= Be ye men of valour =

1940 speech by Winston Churchill

Be Ye Men of Valour was a wartime speech made in a BBC broadcast on 19 May 1940 by Prime Minister of the United Kingdom Winston Churchill. It was his first speech to the nation as Prime Minister, and came nine days after his appointment, during the Battle of France in the second year of World War II. The speech concludes with a quotation from the Apocrypha, which supplies the phrase by which the speech became known:

Arm yourselves, and be ye men of valour, and be in readiness for the conflict; for it is better for us to perish in battle than to look upon the outrage of our nation and our altar. As the Will of God is in Heaven, even so let it be.
 — Taken from 1 Maccabees 3:58–60

==In popular culture==
- Samples of the speech are featured in Dutch symphonic metal band Within Temptation's song "Our Solemn Hour". The phrase "a solemn hour" is also included in the actual speech's beginning.
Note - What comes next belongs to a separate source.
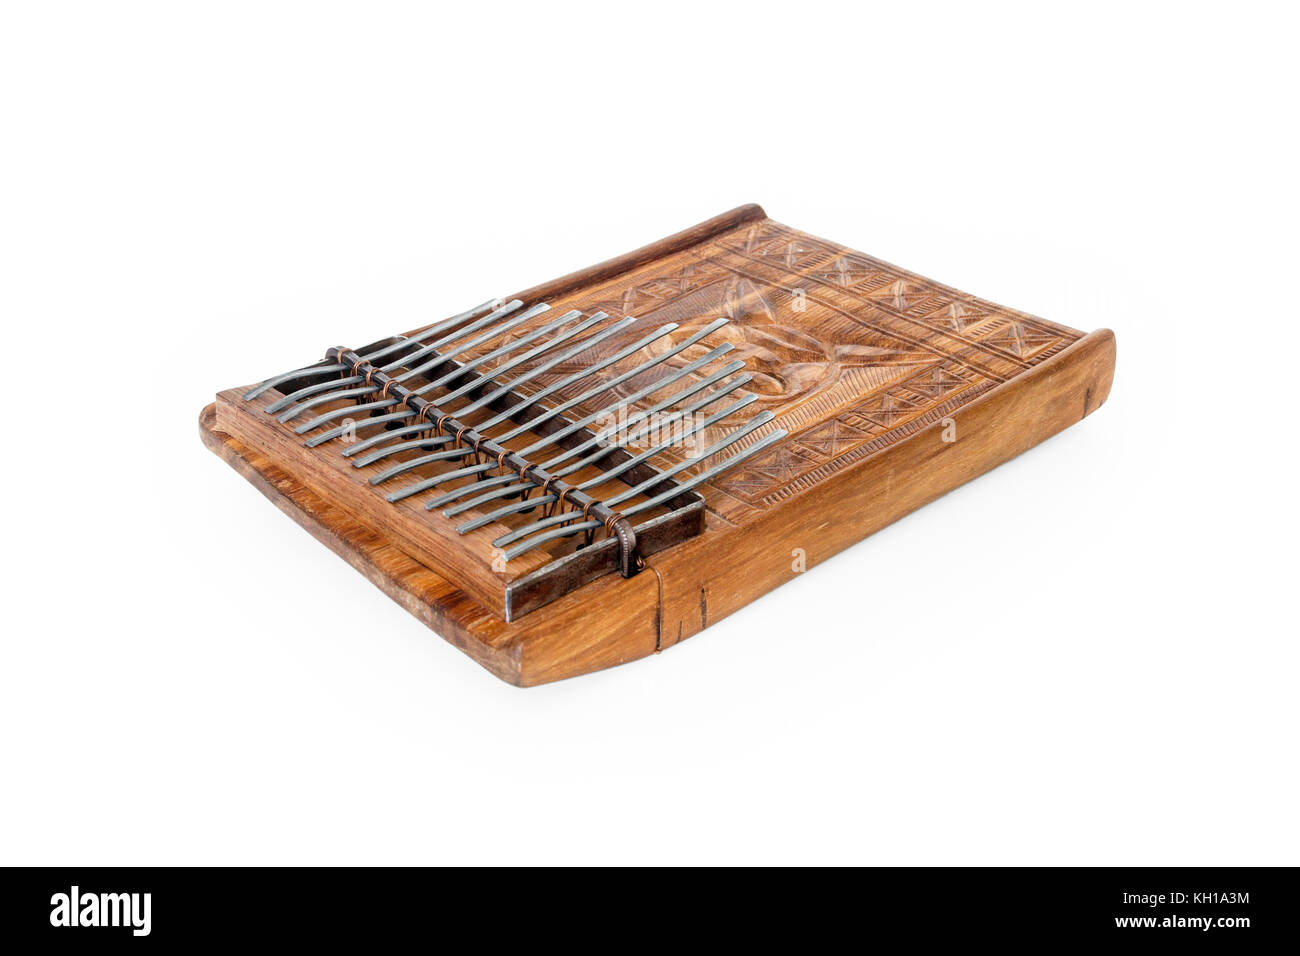 Mbira africana tradicional, un instrumento consistente en una caja de resonancia de madera y metal, de claves frentes Fotografía de Alamy

An altered speech is used in their album Black Symphony where "the Germans" was replaced by "the enemy".
- Samples of the speech are also featured in Jay Electronica's song "Call of Duty" featuring Mobb Deep.
- Another sample of the speech can also be heard on the track "Unnatural Selection" on the metal opera album 01011001 from Arjen Anthony Lucassen's project Ayreon.